Mount Lavinia Science College (විද්‍යා විද්‍යාලය) is a national school in the Piliyandala Zone, Sri Lanka. The school has risen to fame within a span of 40 years.

History

At the request of Poojya Mapalagama Vipulasara Himi of Rathmalana Paramadhammachethiya Pirivena, in 1977 the school was declared open by the Minister of Education, Al Haj Badl-ud-Din, as “Sri Sadhissara Maha Vidyalaya”. The first principal was L. P. Wijesundara. The school received the approval to teach science and commerce streams for grades 10 and 11.

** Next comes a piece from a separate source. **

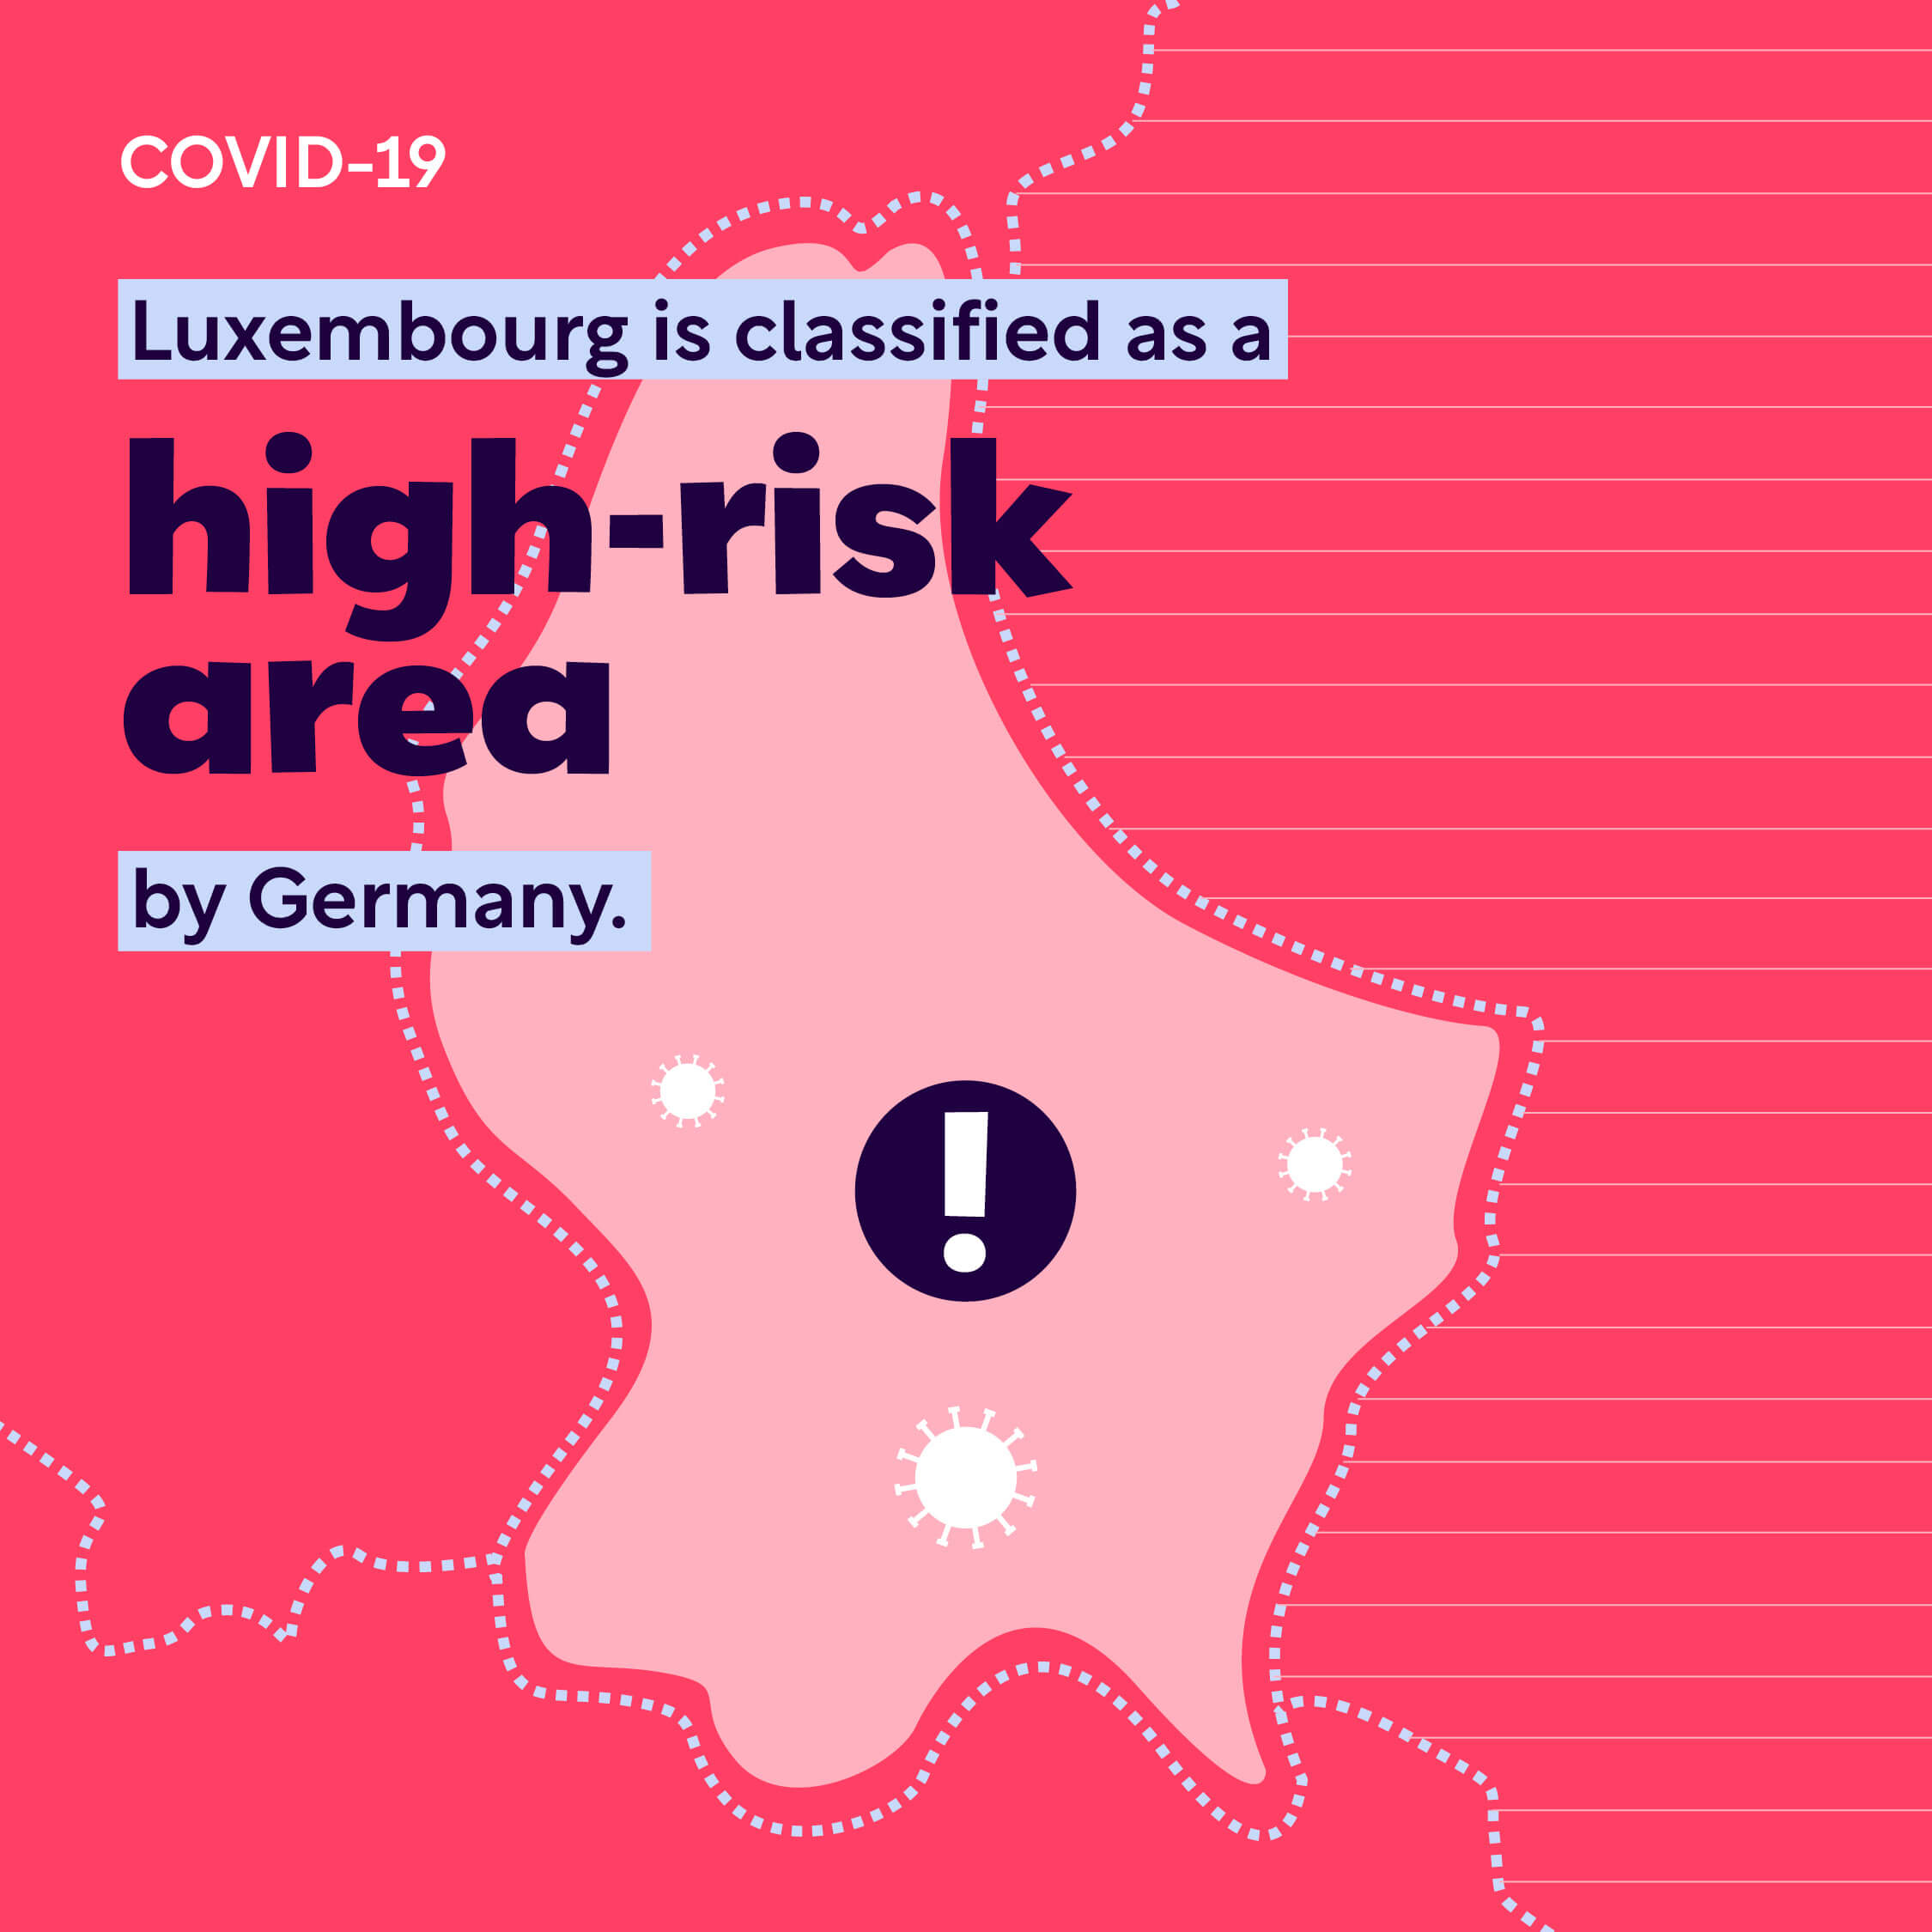 Image d'alerte montrant que le Luxembourg avait été classé comme un pays à risque élevé par l'Allemagne lors de l'épidémie de Covid-19

In 1982, due to the influence of the Minister of Education, Ranil Wickramasinghe and Rathmalana Electorate parliament member Lalith Athulathmudali, the “Hena Para primary school” was joined with “Sri Sadhissara Maha Vidyalaya” creating a new school, South Colombo Science College.

Prof. L. A. Vitharana assumed duties as the first principal of the Science College. Vitharana was able to increase the number of students to 750. He was the pioneer of the school flag and the college song. During his tenure extracurricular activities of the college reached national level.

Past principals

 L. P. Wijesundara
 Prof. L. A. Vitharana
 K. K. Wijepala
 R.N.Edissooriya
 Kithsiri Samarasinghe
 P. D. Dahanayake
 Gamini Sisil Silva
 M. T. Tuder
 H. M. S. K. Kodikara
 Ananda Nagasinghe
 Dayarathna Bandara
 D. B. Peramuna

Houses

There are four houses at the college, students are allocated to them according to their admission number. The houses are: Faraday,Darwin and Luvi

Sports

Rugby
In 2015 Science College won the Milo President's Trophy Knockout Tournament for the first time, after they defeated Isipathana College, 21–18 in the final.